Senate Bill 669 is authored by Sen. Anna M. Caballero (D-Salinas) and sponsored by the Association of California Water Agencies (ACWA) and the California Municipal Utilities Association (CMUA). The bill would create the Safe Drinking Water Trust in the State Treasury and would be funded with general fund dollars during a state budget surplus year, such as the current budget year. Net income earned from the trust would be transferred to a Safe Drinking Water Fund, which the State Water Resources Control Board would administer.
This approach would provide a durable funding source for costs associated with operation and maintenance of water treatment facilities, as well as efforts to consolidate smaller water systems that are out of compliance with drinking water standards with districts that have the necessary technical, managerial and financial capacity to provide safe drinking water. Funds from the trust would complement existing federal and state funding sources for the capital costs of building treatment facilities.
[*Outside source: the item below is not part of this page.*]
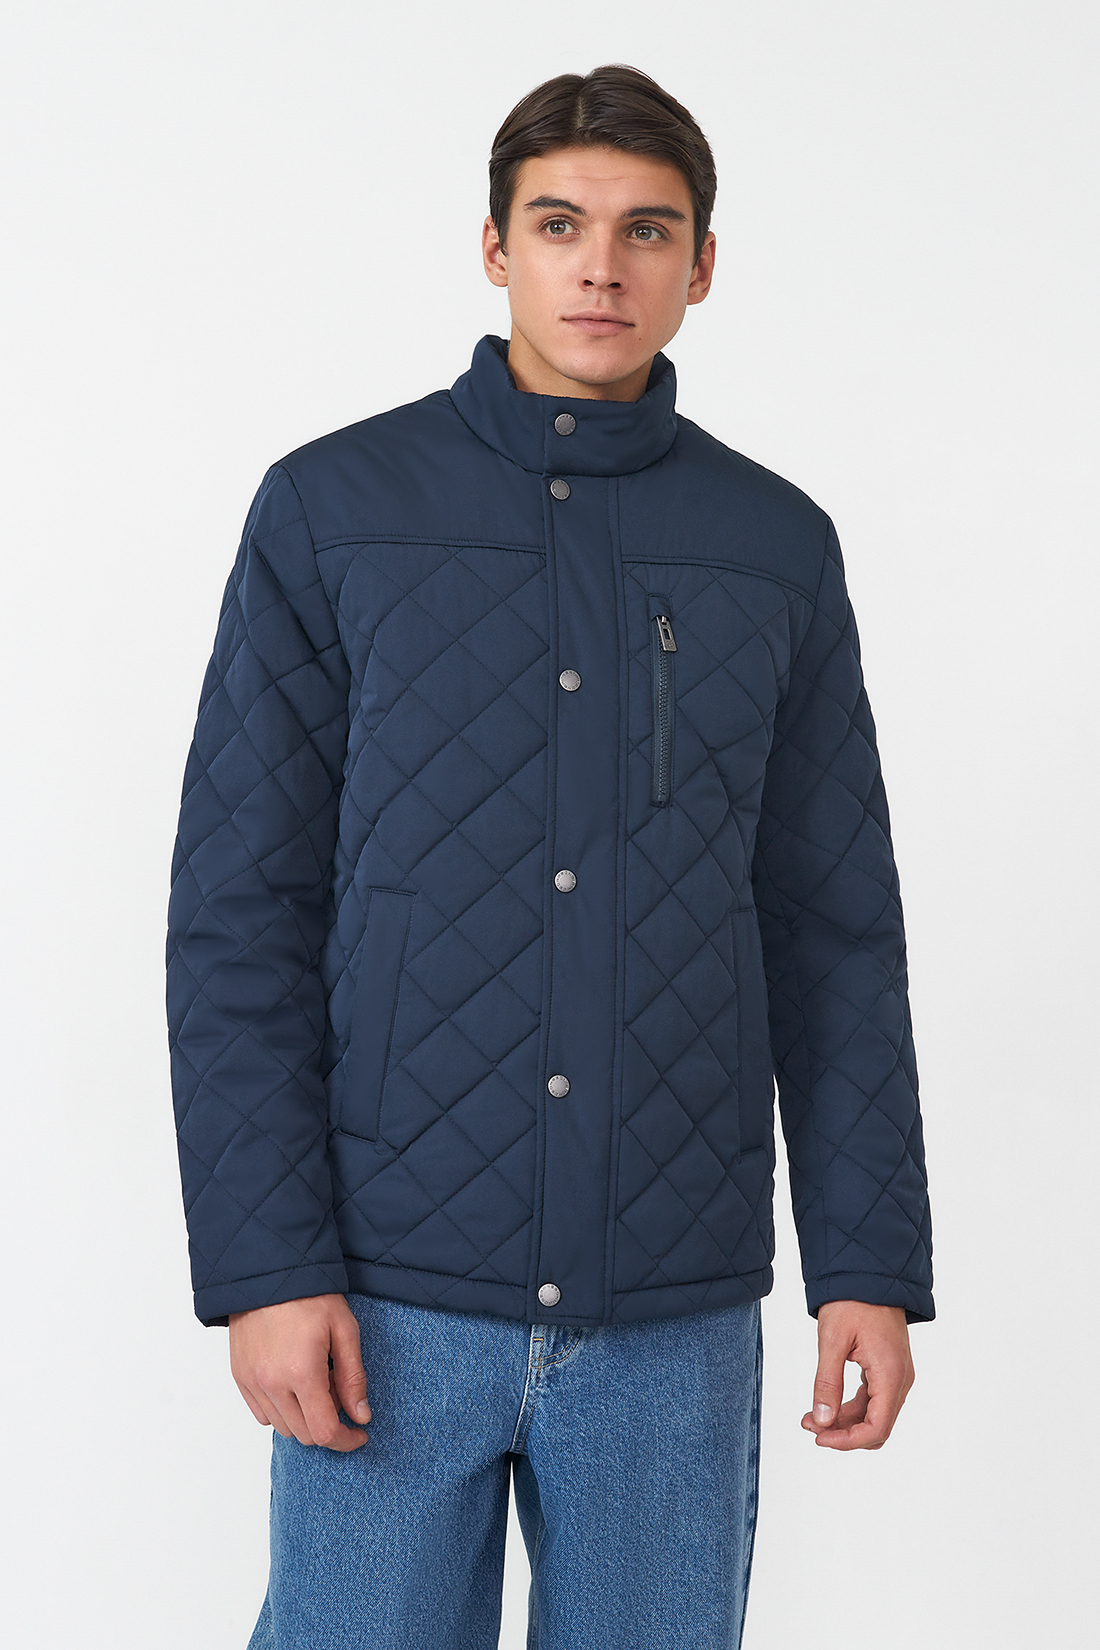 Зимняя куртка мужская Baon B5323506 синяя L

“While most Californians have access to safe drinking water, certain disadvantaged communities do not, and we strongly agree with Gov. Gavin Newsom that this is a critical public health issue that the state must address,” said Cindy Tuck, ACWA Deputy Executive Director for Government Relations. “The record budget surplus for the 2019-’20 fiscal year makes this the perfect time to create and fund a Safe Drinking Water Trust and ensure access to safe drinking water for residents of these disadvantaged communities. The Trust is a better approach than a statewide water tax.”
SB 669 presents an alternative to Gov. Gavin Newsom’s proposal to establish a statewide tax on drinking water. A water tax would work against keeping water affordable and would be highly inefficient with approximately 3,000 local water agencies becoming tax collectors for the state. The resulting combined local administrative costs would exceed the combined state tax revenue collected from the local water bills.
“SB 669 proposes an efficient, effective and long-term funding approach that would not increase the cost of living for all Californians,” said Danielle Blacet, CMUA Director for Water. “We can solve this issue without a tax.”